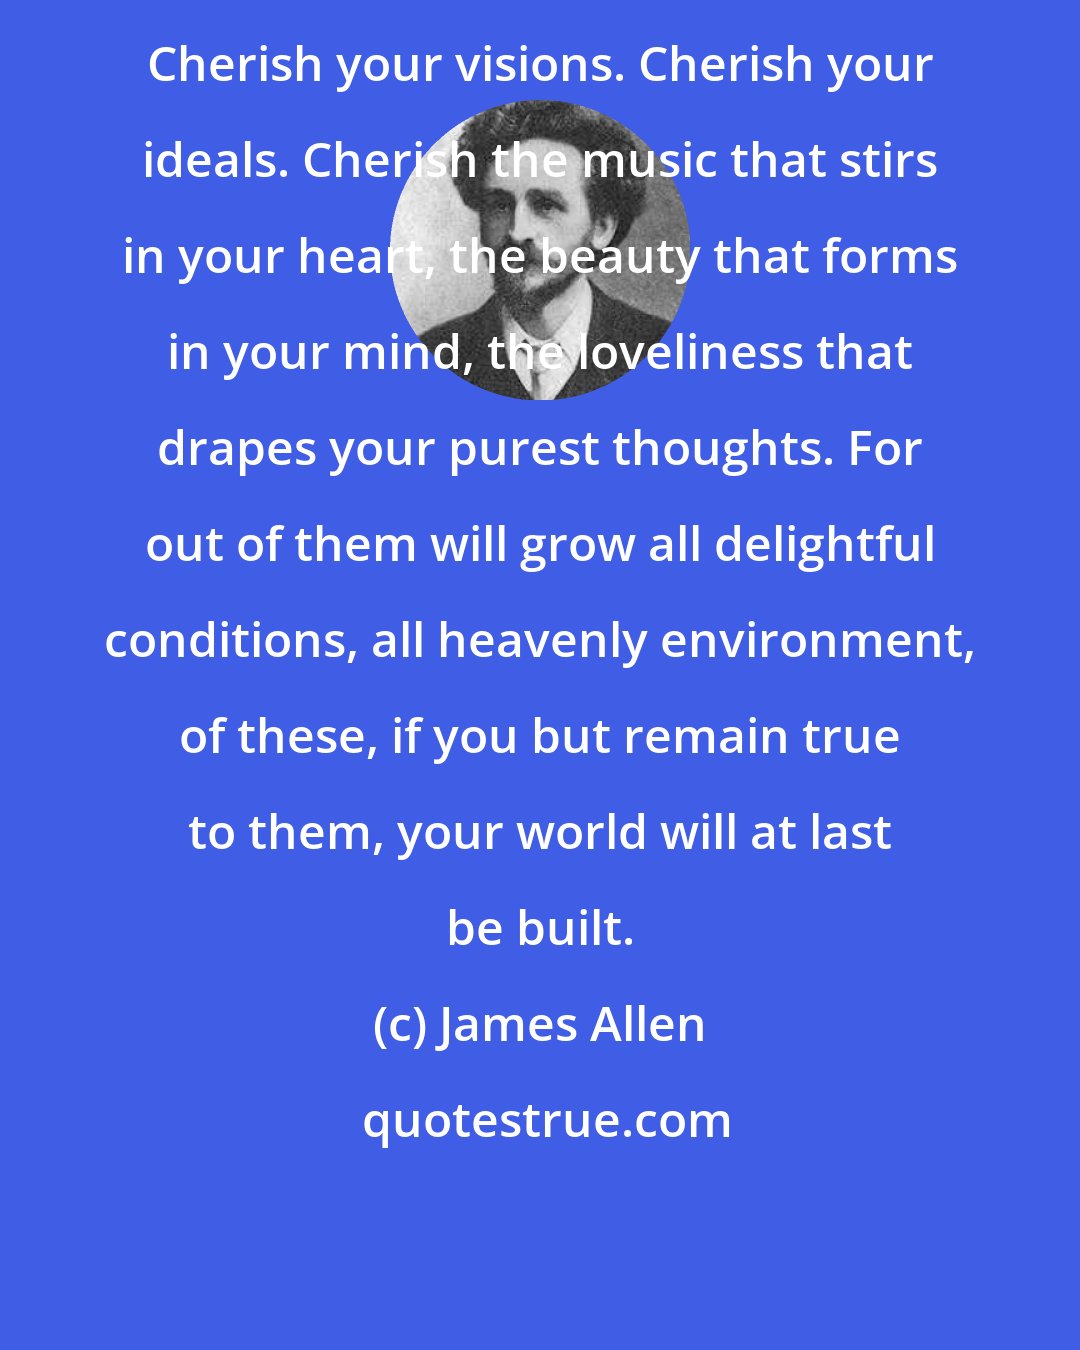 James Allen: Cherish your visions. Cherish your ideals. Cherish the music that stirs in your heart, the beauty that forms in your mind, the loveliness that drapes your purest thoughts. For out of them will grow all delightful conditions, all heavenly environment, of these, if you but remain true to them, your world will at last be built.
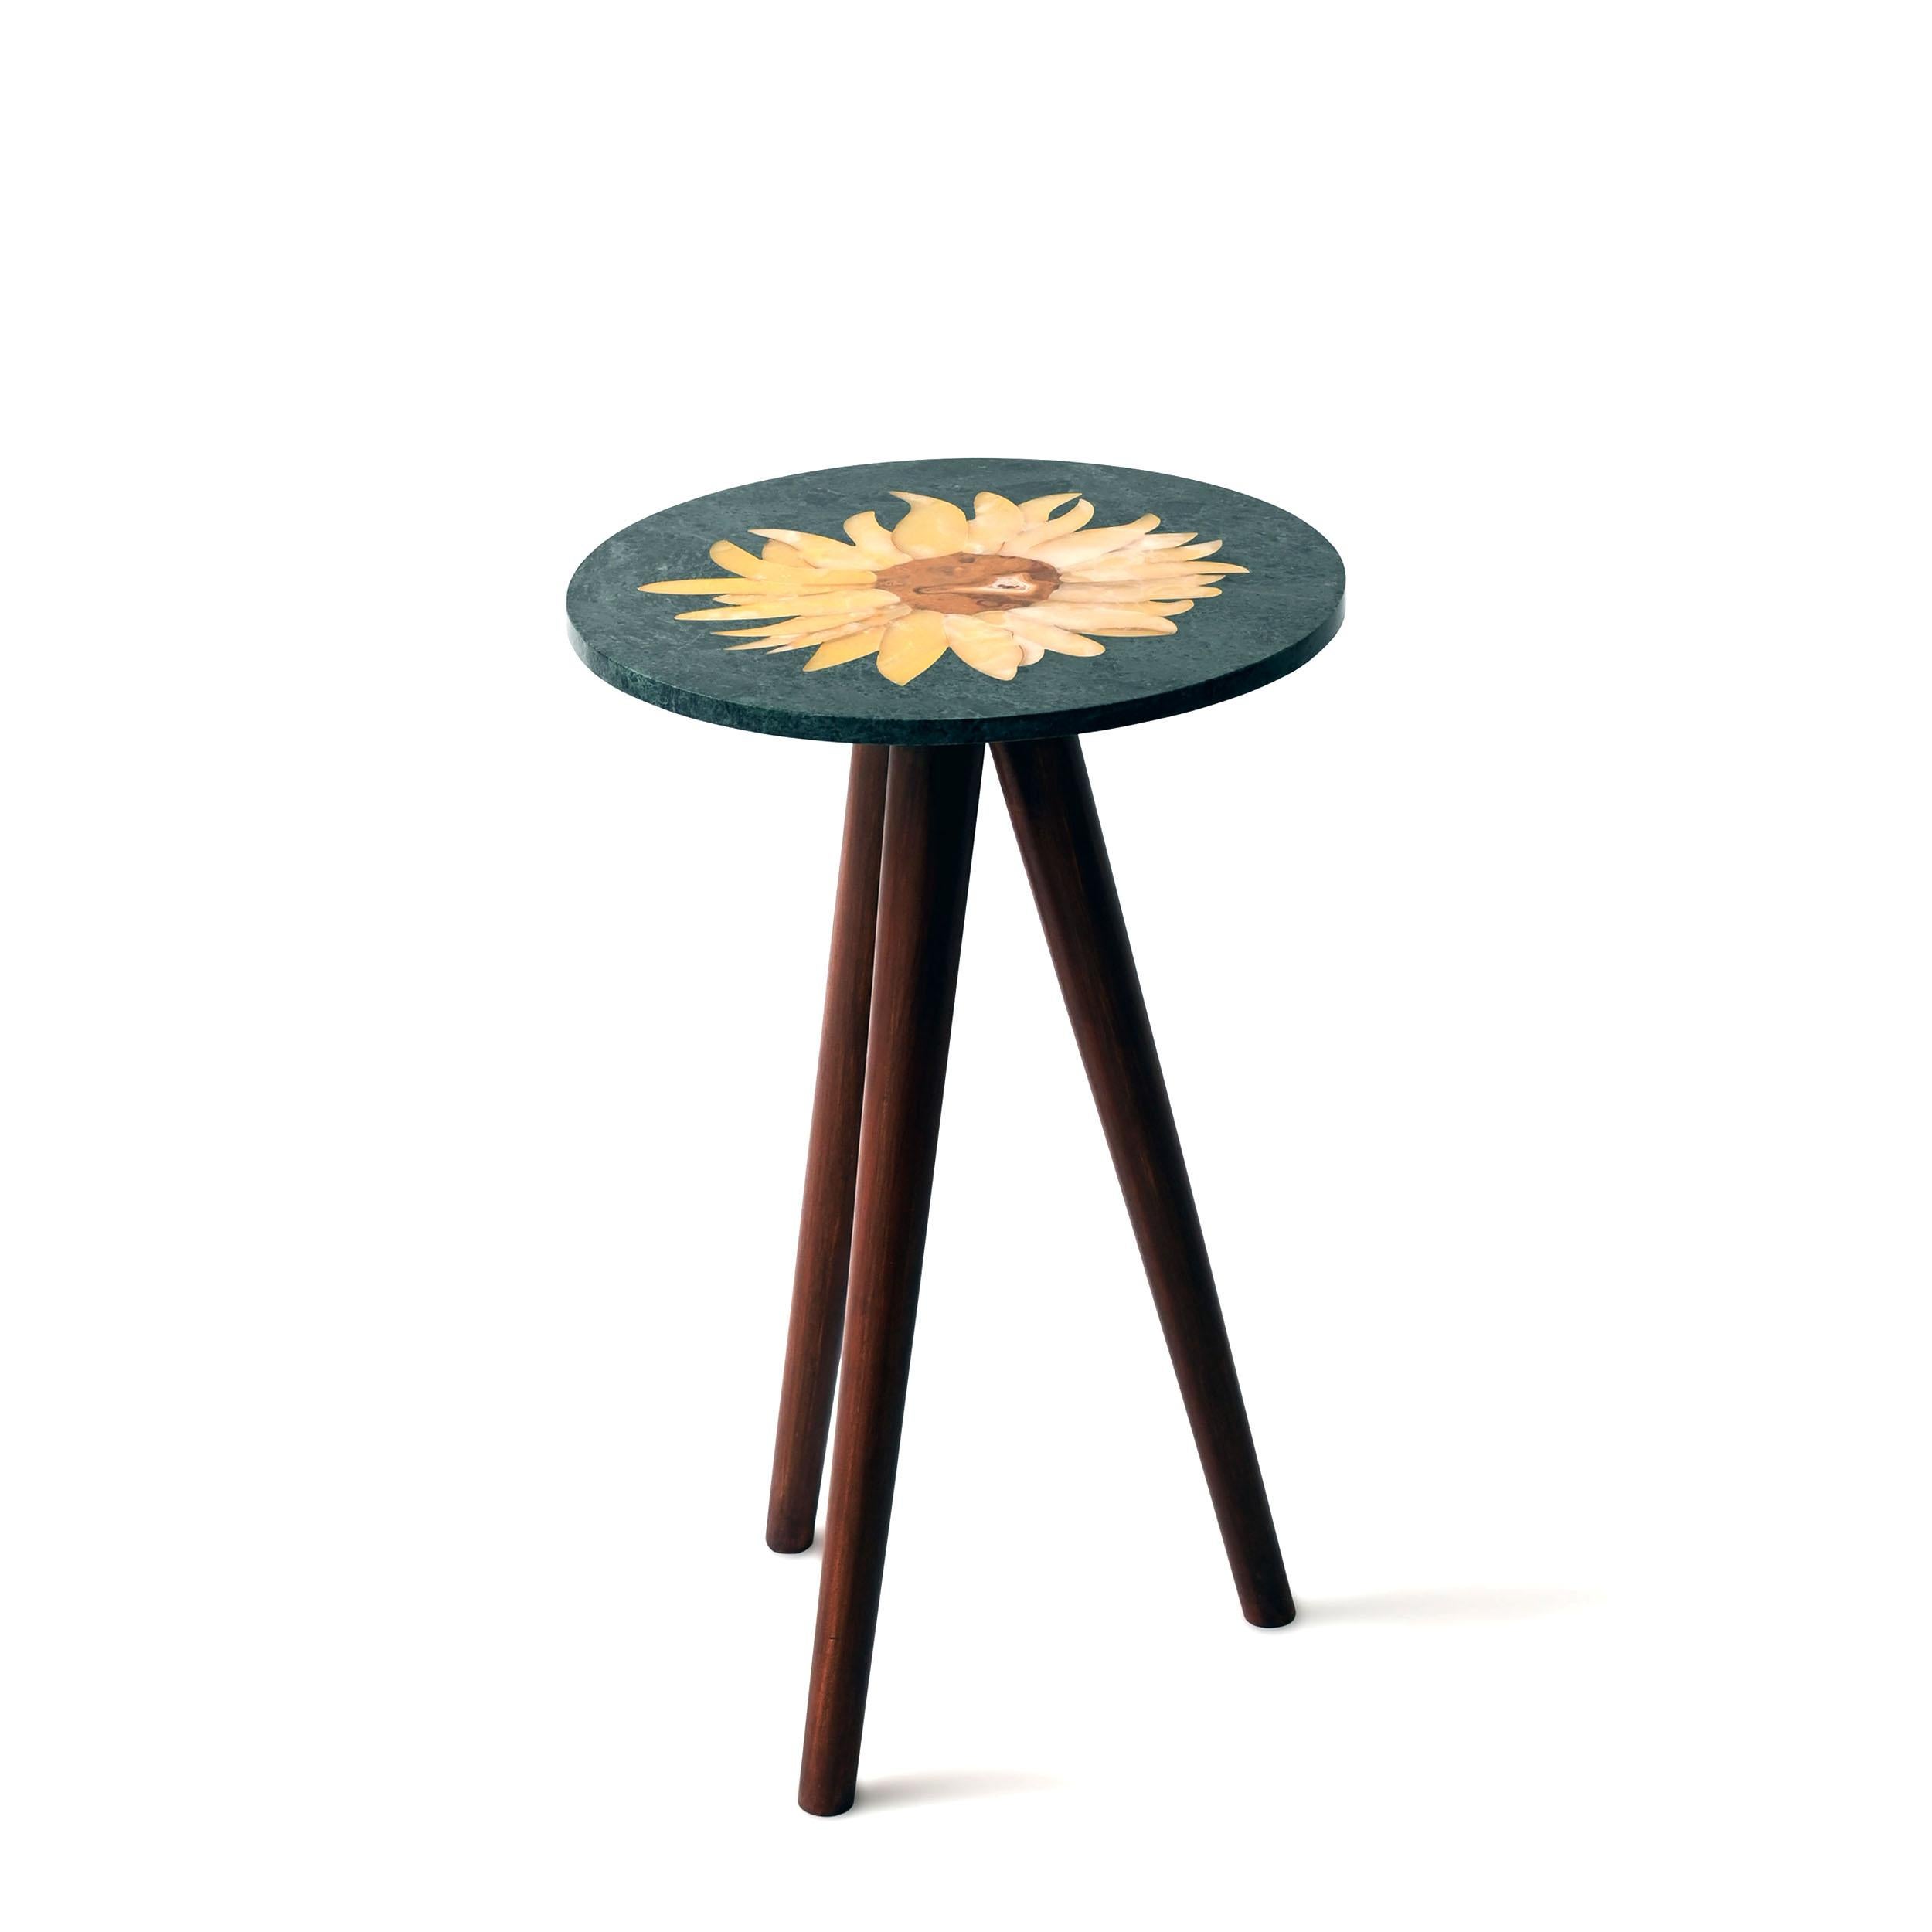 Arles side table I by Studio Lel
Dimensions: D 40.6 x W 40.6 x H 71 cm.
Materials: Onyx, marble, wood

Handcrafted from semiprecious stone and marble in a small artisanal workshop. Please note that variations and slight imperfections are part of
####
# Exercise aim
Every entry should be repeated verbatim, with the pictures left out.

# Reply
 James Allen: Cherish your visions. Cherish your ideals. Cherish the music that stirs in your heart, the beauty that forms in your mind, the loveliness that drapes your purest thoughts. For out of them will grow all delightful conditions, all heavenly environment, of these, if you but remain true to them, your world will at last be built.
 Arles side table I by Studio Lel
Dimensions: D 40.6 x W 40.6 x H 71 cm.
Materials: Onyx, marble, wood

Handcrafted from semiprecious stone and marble in a small artisanal workshop. Please note that variations and slight imperfections are part of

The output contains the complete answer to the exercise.